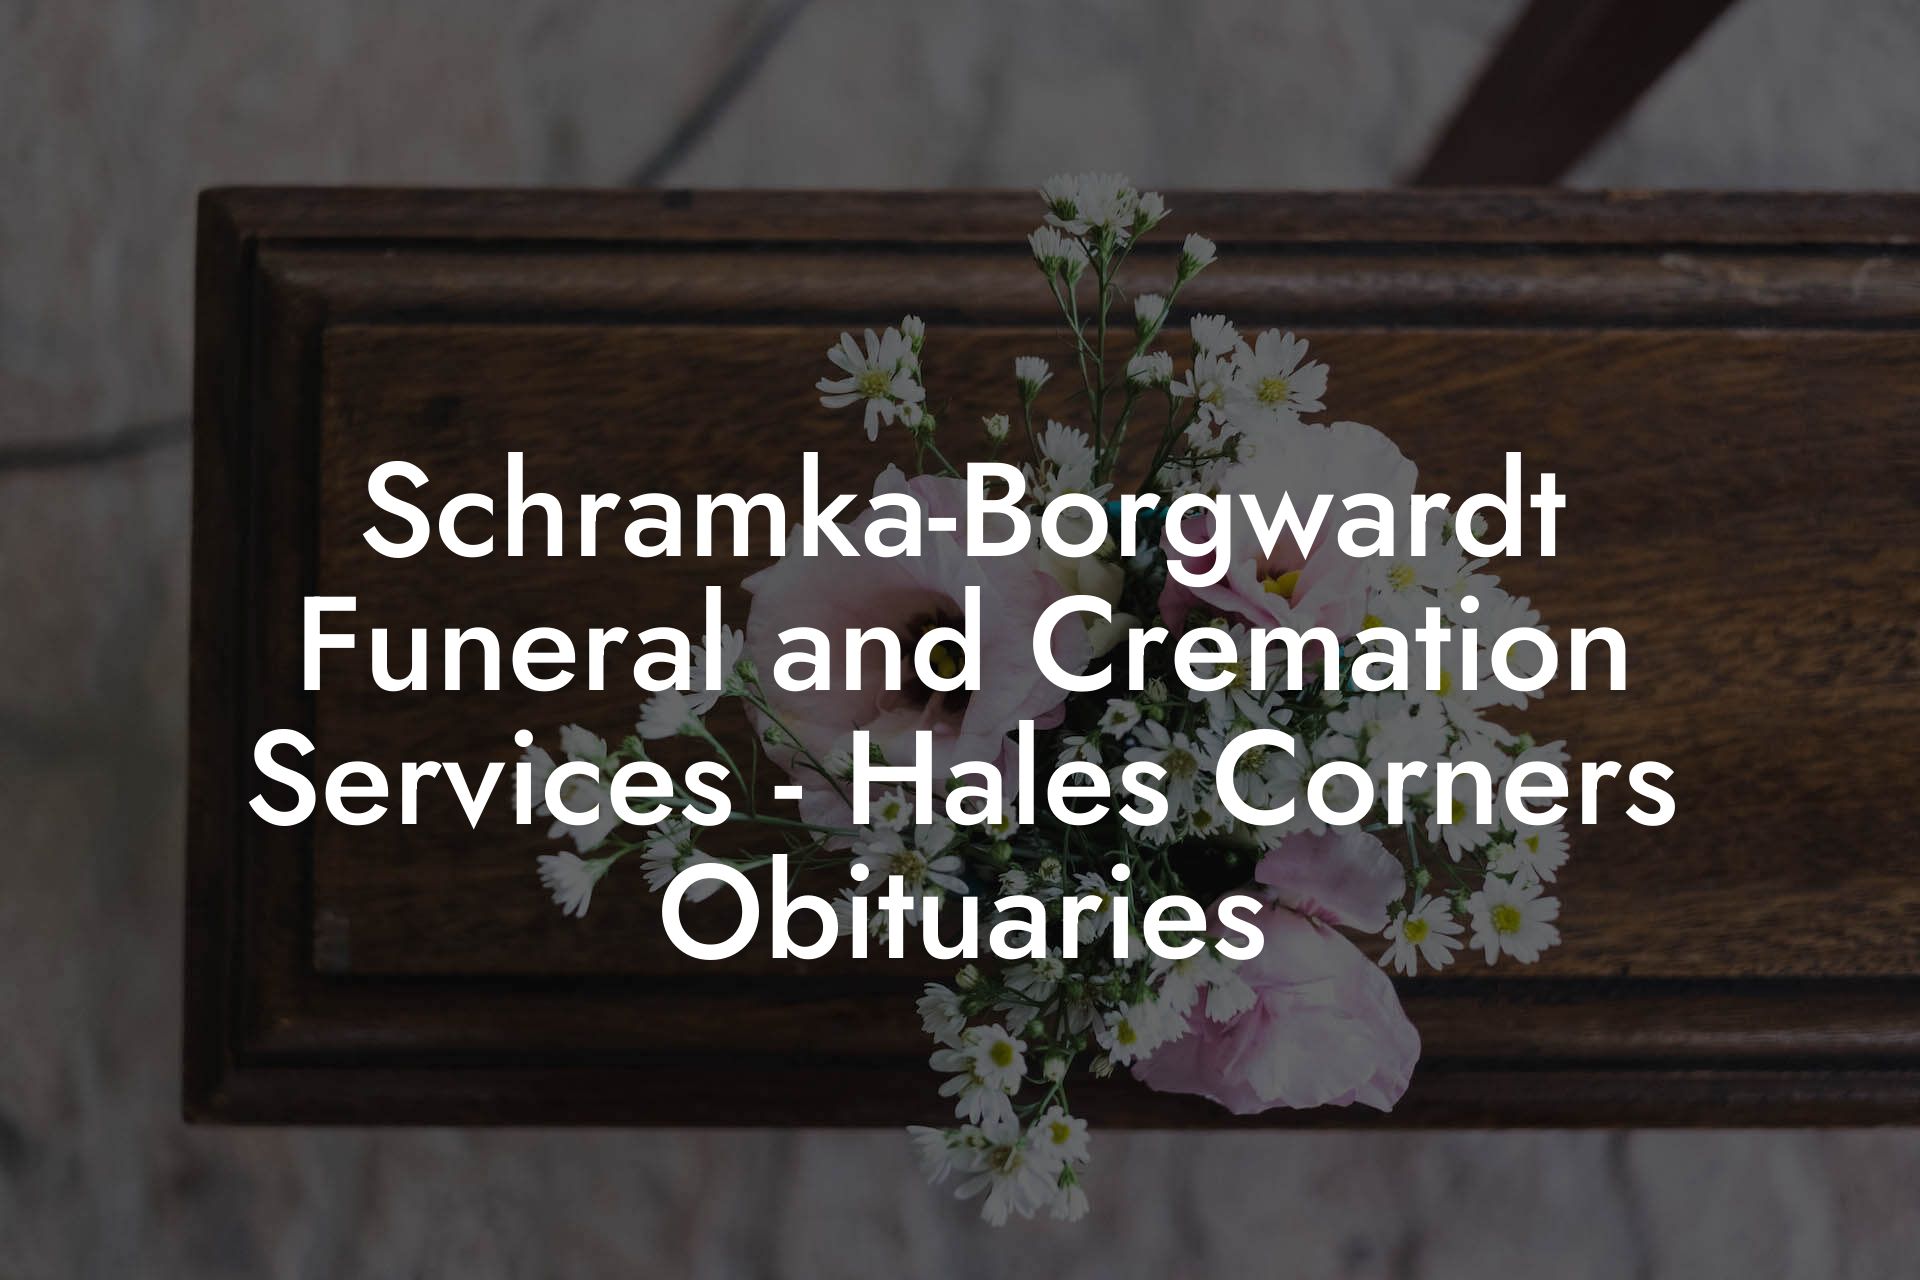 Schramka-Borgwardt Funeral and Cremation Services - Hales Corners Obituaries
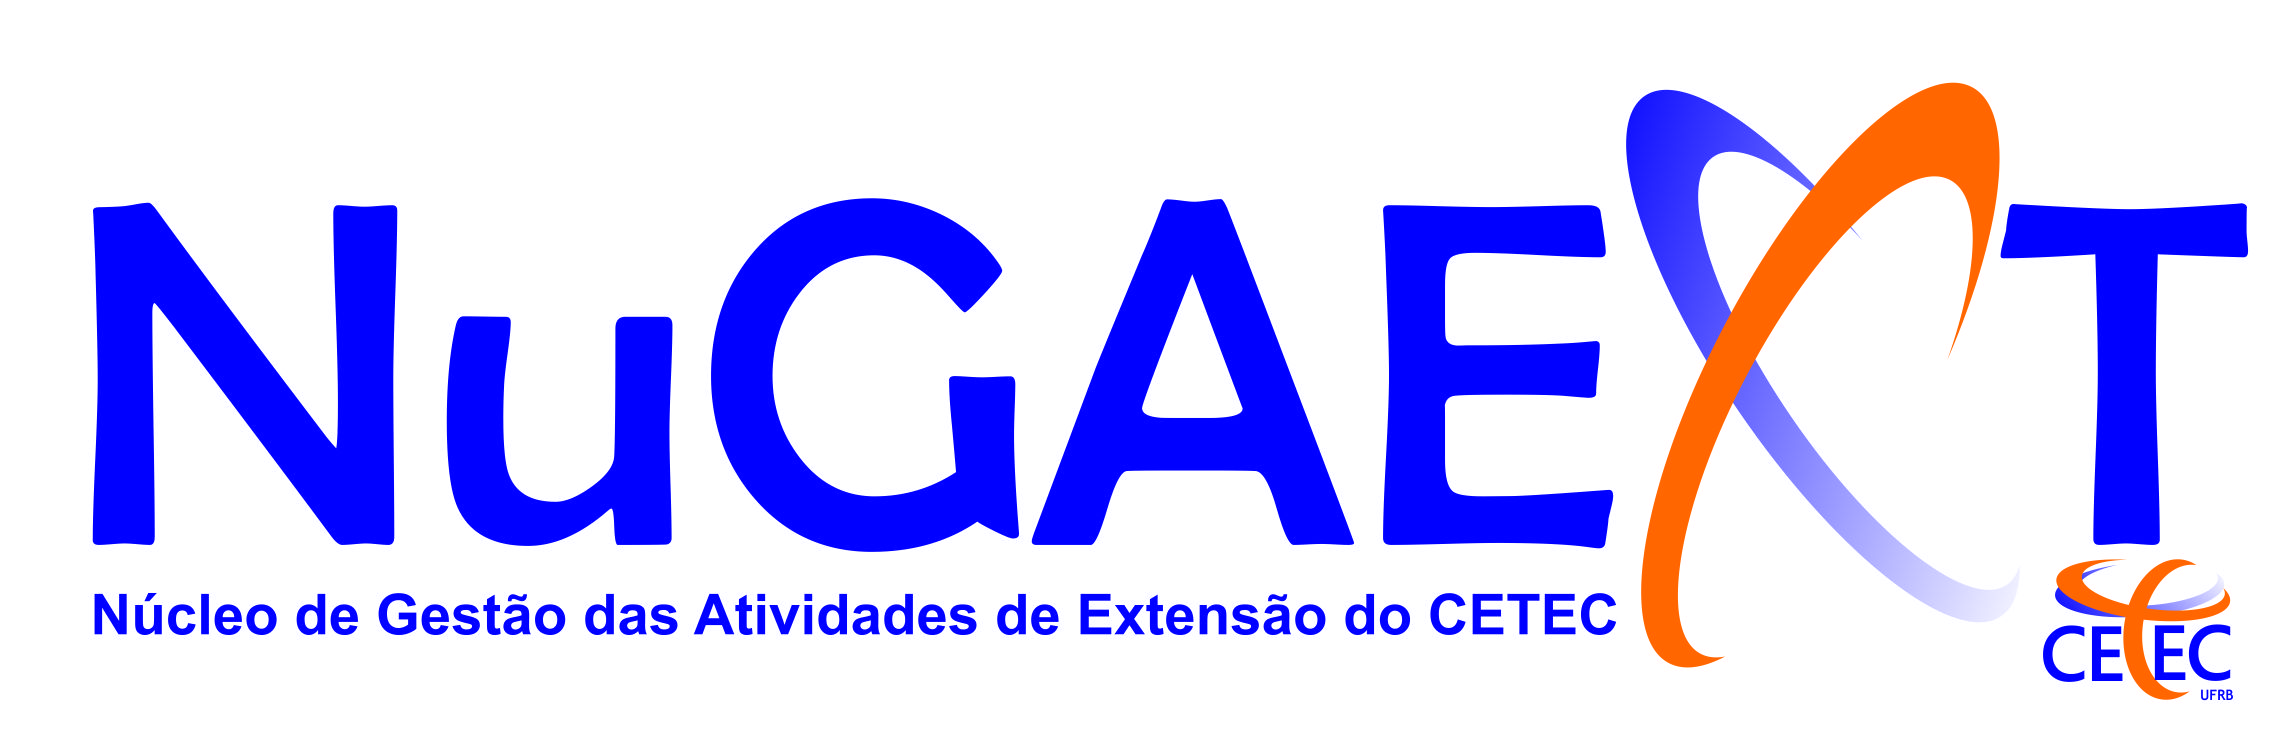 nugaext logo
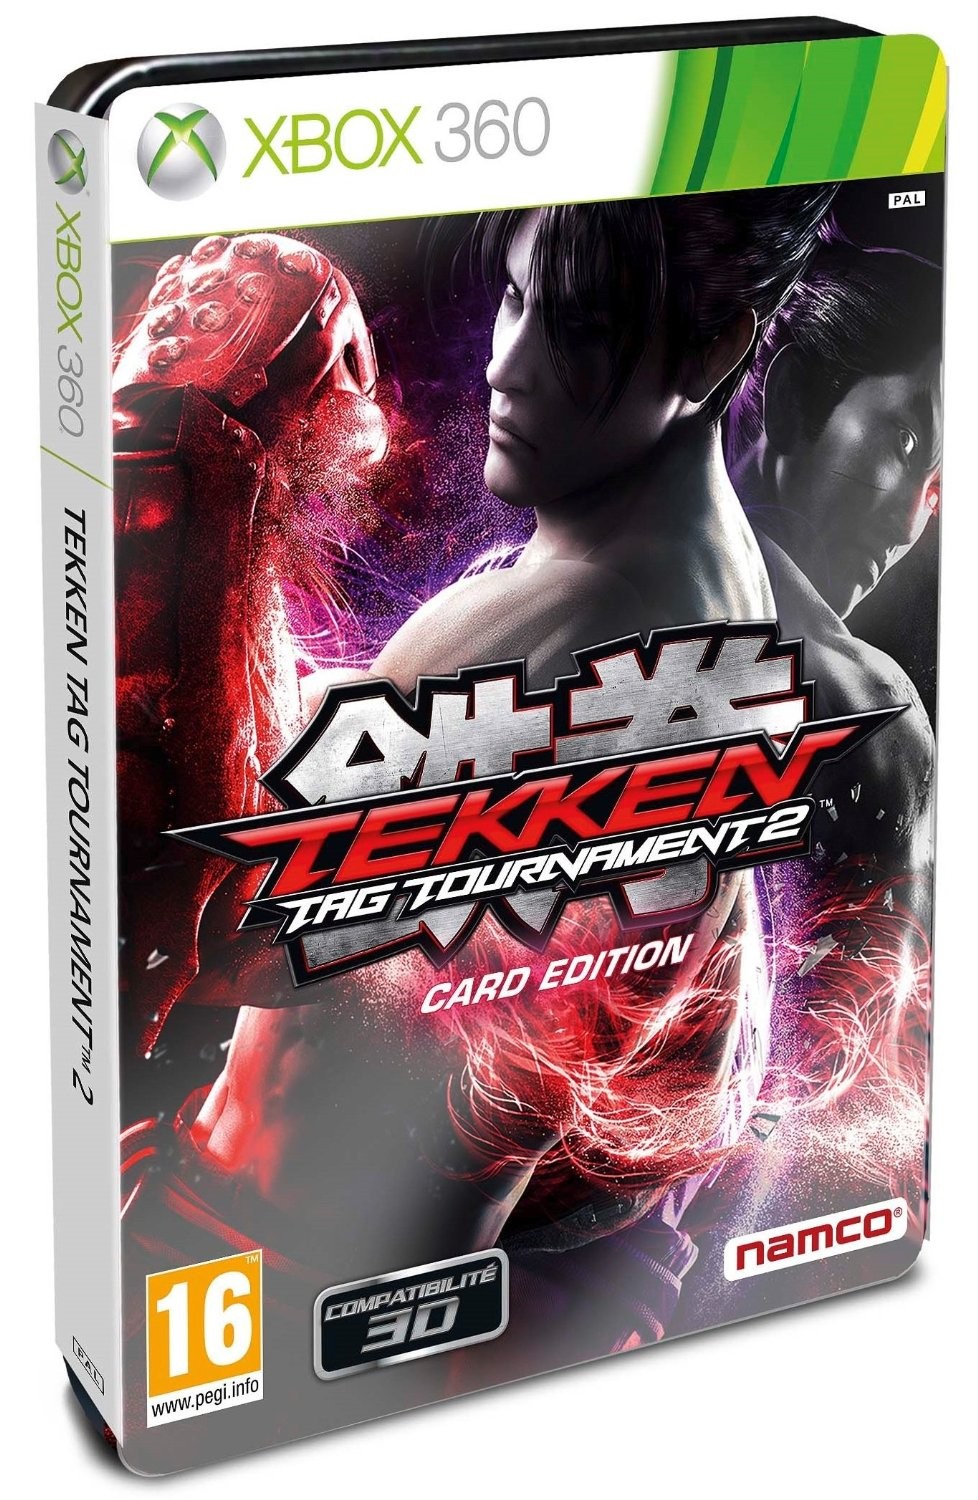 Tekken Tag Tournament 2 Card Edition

_Task statement_
Repeat the data word for word, excluding any image.

_Exercise result_
 Schramka-Borgwardt Funeral and Cremation Services - Hales Corners Obituaries
 nugaext logo
 Tekken Tag Tournament 2 Card Edition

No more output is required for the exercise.